Consumer Group Wins Access to Drug Data

March 12, 1998

Consumer Group Wins Access to Drug Data

Washington, D.C. — A federal judge has ruled that the Food and Drug Administration must release safety and effectiveness information about experimental drugs once manufacturers abandon efforts to seek approval for the drugs, except in extraordinary circumstances.

Public Citizen sought access under the Freedom of Information Act (FOIA) to safety and effectiveness information for four experimental drugs that were being tested on humans as part of the FDA’s Investigational New Drug Application (“IND”) process. The testing of each drug was halted because of health or safety concerns. The two manufacturers of the experimental drugs — Schering Corp. and Hoechst Marion Roussel — intervened in the case to fight release of the data.

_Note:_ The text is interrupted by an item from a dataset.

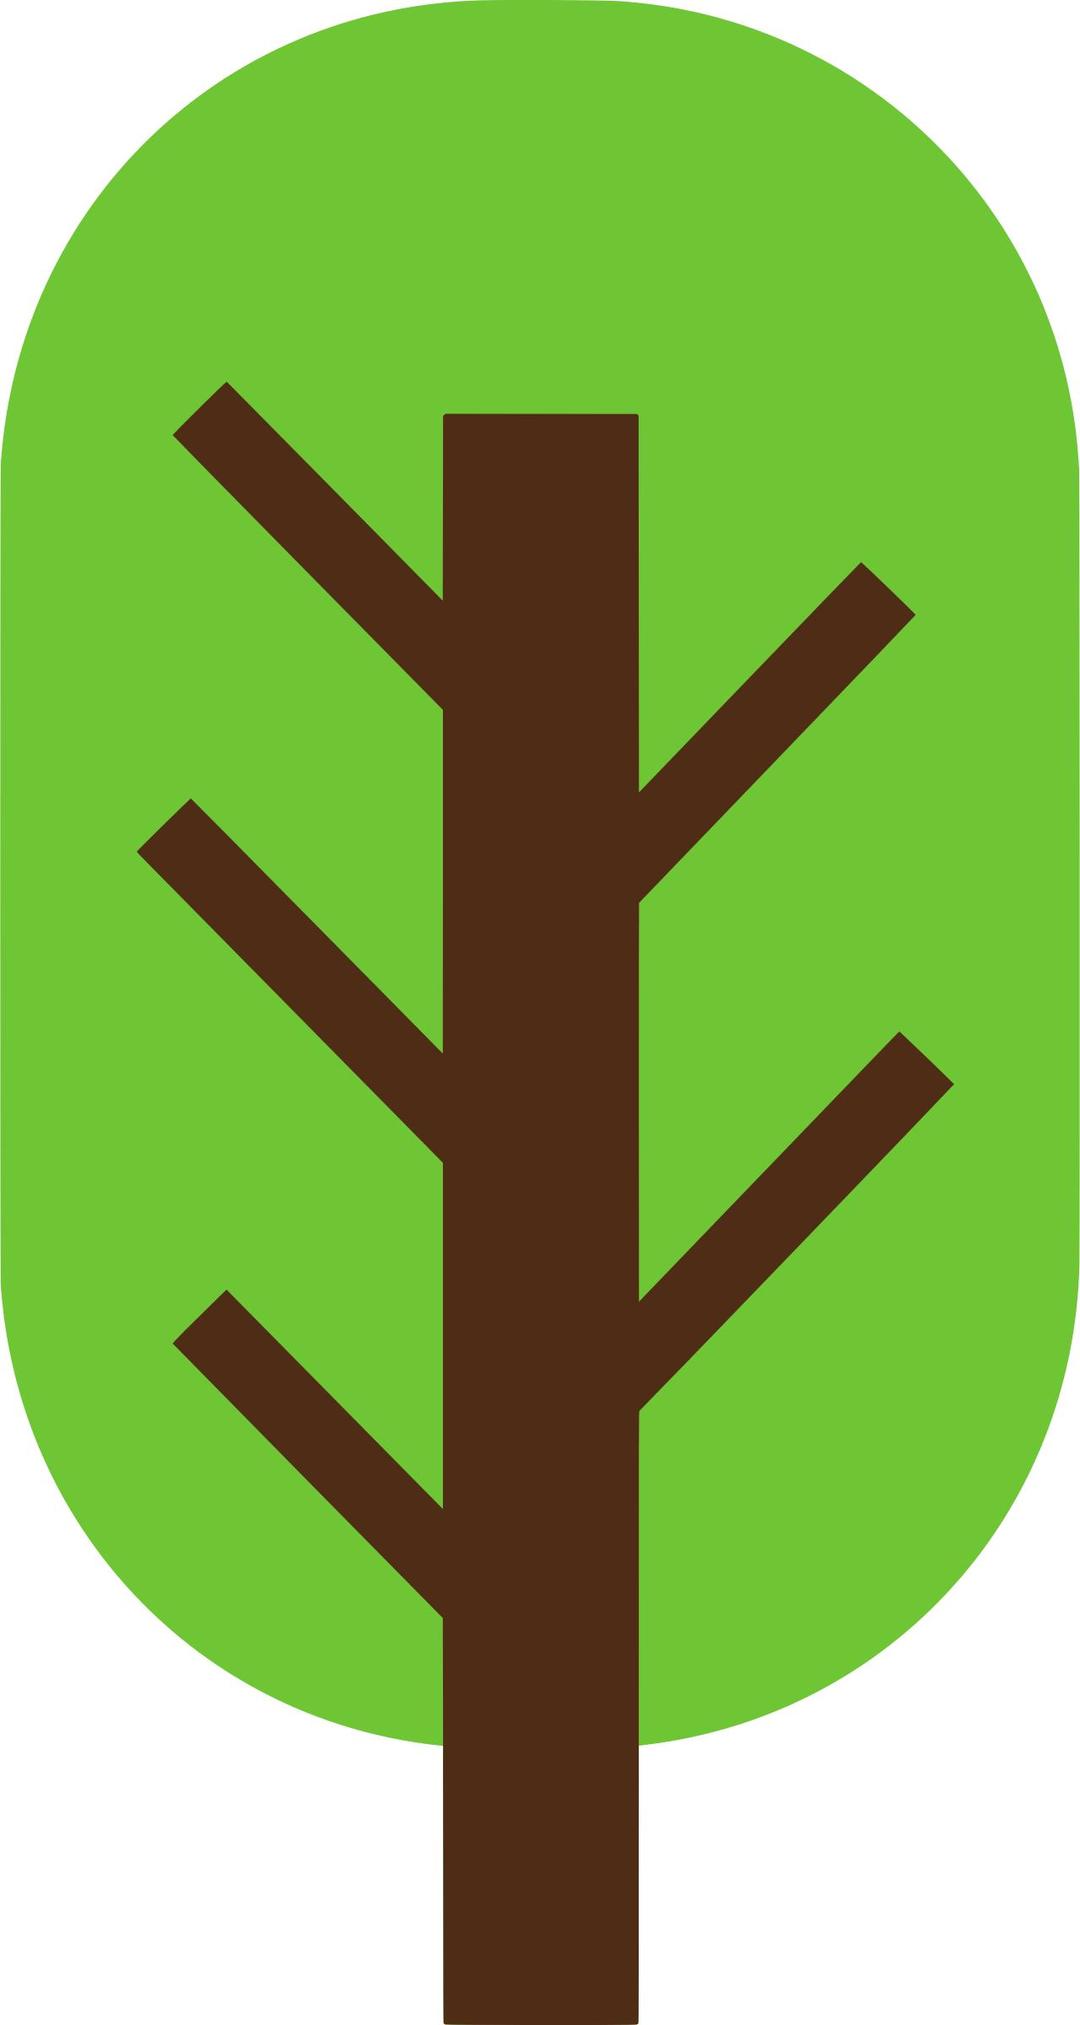 Square tree vectorized png transparent

“The court’s decision not only provides public access to particular drug safety information in this case but guarantees that the public will generally have access to information about drugs that have been abandoned because they pose unreasonable risks to patients,” said Lucinda Sikes, staff attorney for Public Citizen Litigation Group. “Congress recognized that the public should have access to this data, but until now the information was generally held secret by the FDA at the insistence of drug companies.”

In a March 11 ruling, U.S. District Judge Royce Lamberth of Washington, D.C., found that a provision of the Waxman-Hatch Amendments to the Food, Drug and Cosmetic Act in 1984 requires that safety and effectiveness data be released to the public when no work is going to be undertaken to have the drug approved and no extraordinary circumstances exist.

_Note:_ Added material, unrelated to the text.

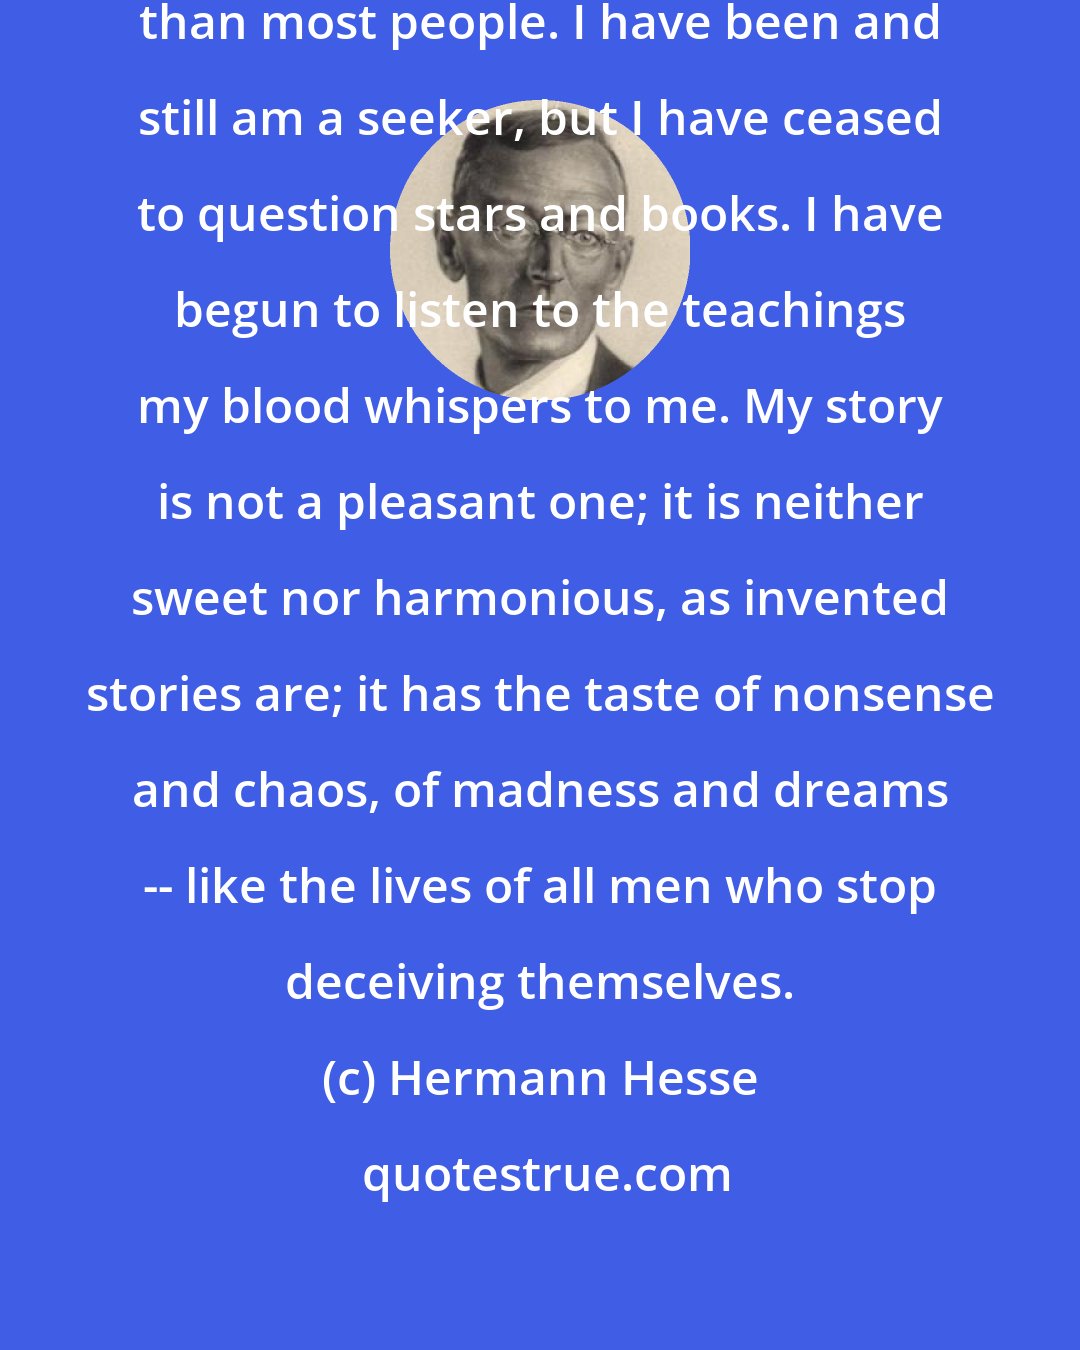 Hermann Hesse: I do not consider myself less ignorant than most people. I have been and still am a seeker, but I have ceased to question stars and books. I have begun to listen to the teachings my blood whispers to me. My story is not a pleasant one; it is neither sweet nor harmonious, as invented stories are; it has the taste of nonsense and chaos, of madness and dreams -- like the lives of all men who stop deceiving themselves.

Based on this disclosure provision, Lamberth ordered disclosure of data concerning three experimental drugs sponsored by Schering, because Schering conceded that it has abandoned their development and did not point to any “extraordinary, uncommon or otherwise atypical” circumstances that differentiate the competitive value of its data from the data concerning any other abandoned drug.

Lamberth did not order disclosure of data concerning HMR’s experimental drug because he was satisfied that HMR had not abandoned pursuit of FDA approval for its drug.

In earlier phases of the litigation, Public Citizen obtained access to tens of thousands of pages of drug safety data related to the experimental drugs of four other drug companies when those companies withdrew their objections to the release of the information.